Status doesn’t explain everything, it does explain situations like this.
I’ve certainly heard the argument that polygamy is tied into oppressive social structures, and therefore legitimizing it would be bad.
Same argument can and has been applied to other kinds of marriage.
On the one hand, the argument doesn’t need to be correct to be the (or a) real reason. On the other, I’d expect more people to be more convinced that polygamy is more oppressive (as currently instantiated) than vanilla marriage (and other forms, such as arranged marriages or marriage of children to adults, are probably more strongly opposed).
When you said above that status was the real reason LW-associates oppose legal polygamy, you were implying that these people are not actually convinced of these issues, or only pretend to care about them for status reasons.
I’m in a happy polygamous relationship and I know I’m not the only one.
Certainly! I’d like to clarify that I don’t think polyamory is intrinsically oppressive, and that I am on the whole pretty darn progressive (philosophically) regarding sexual / relationship rights etc. (That is, I think it probably ideally should be legal. There are probably additional political concerns but politics makes me ill.) I think it’s kinda weird that government is in the marriage business to begin with, but probably it is useful to have some sort of structure for dealing with the related tax / property / etc. concerns. I think that polygamy does occur in some cultures that are oppressive towards women, but I don’t really have a notion of how much a part of that oppression it facilitates, and I don’t necessarily think that’s a legitimate factor in whether to legalize the institution.
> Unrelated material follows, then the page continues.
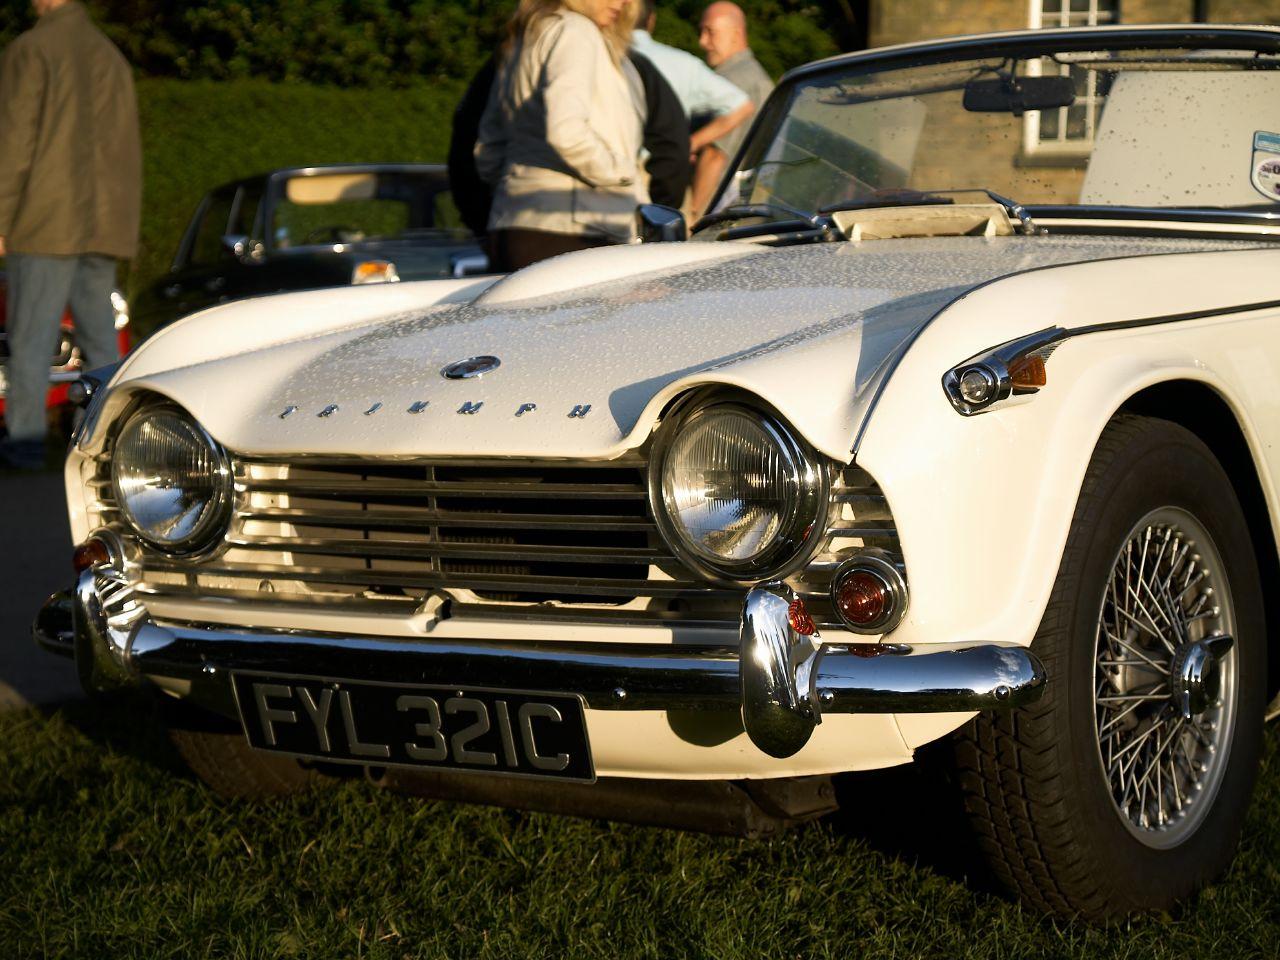 File:Triumph TR5 Renishaw Classic Car Show (1).jpg - Wikimedia Commons

I’m on your side philosophically / politically.
When you said above that status was the real reason LW-associates oppose legal polygamy, you were implying that these people are not actually convinced of these issues, or only pretend to care about them for status reasons.
If polygamous people where high status they wouldn’t voice nor perhaps even think of these objections.
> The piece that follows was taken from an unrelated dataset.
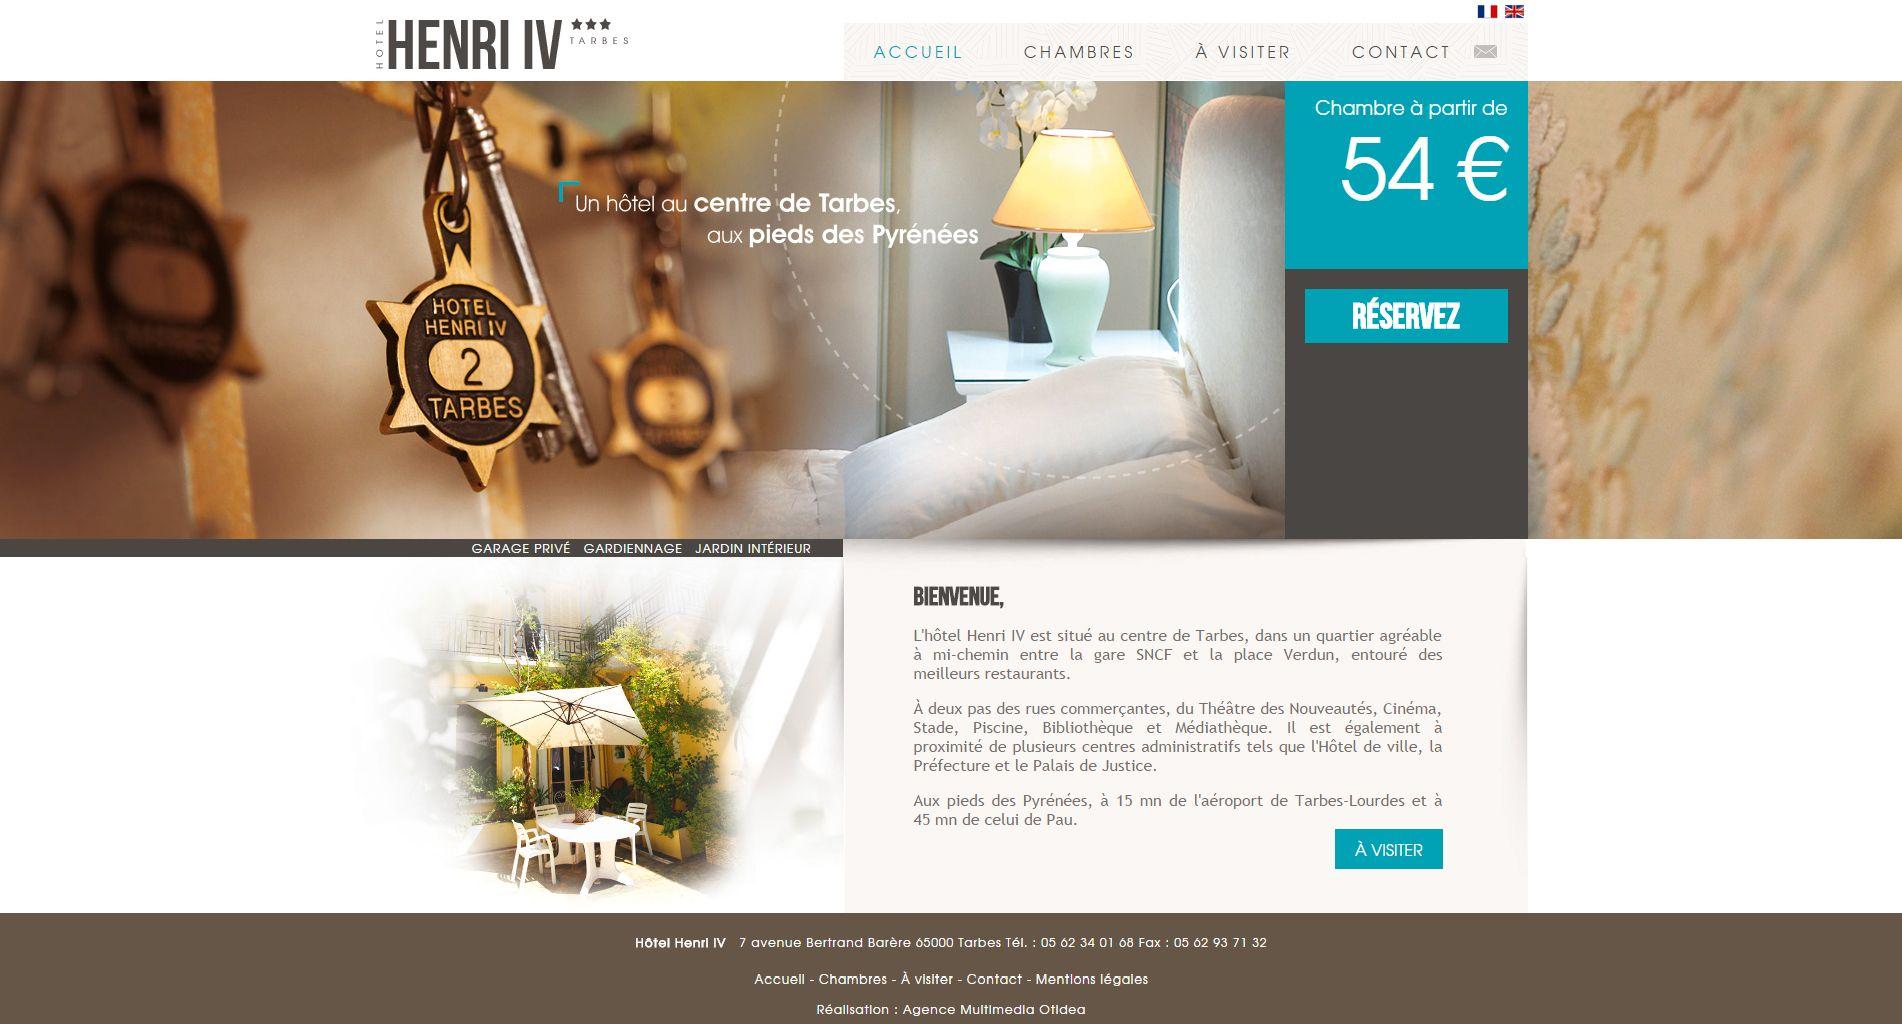 Site Internet De L Hotel Henri Iv A Tarbes Hautes Pyrenees 65 Application Facebook

I think it’s kinda weird that government is in the marriage business to begin with, but probably it is useful to have some sort of structure for dealing with the related tax / property / etc. concerns.
I tend to agree. Customizable contracts would be the best solution. This way we wouldn’t straight jacket people into one size fits all marriage. Some people might like marriages where infidelity is grounds for divorce and the cheating party is penalized somehow. Some people might like marriages that have to be renewed every 10 years, to minimize any hassle with any potential divorce or allow a time out on the relationship. ect.
This would make everyone from the traditionalists to those seeking novel arrangements happy.
Pretty seriously, I’m not sure why you would think I’m not. Is there something wrong with people having options to customize the legal arrangements of their relationships? And with the decline of classical marriage shouldn’t we encourage all such relationships to increase social cohesion as well as contribute towards creating better environments for raising children?
Pretty seriously, I’m not sure why you would think I’m not.
Because I find it very unlikely that your proposal would make traditionalists happy, if implemented, but it was plausible that you just meant that part as hyperbole.
It wouldn’t make mainstream “conservatives” happy, but that is simply because they are so utterly ignorant to how legally different marriage is today compared to a few decades or worse don’t mind it at all, not minding the incongruity. It would make traditionalists happy. They could recreate much of what they miss about modern marriage.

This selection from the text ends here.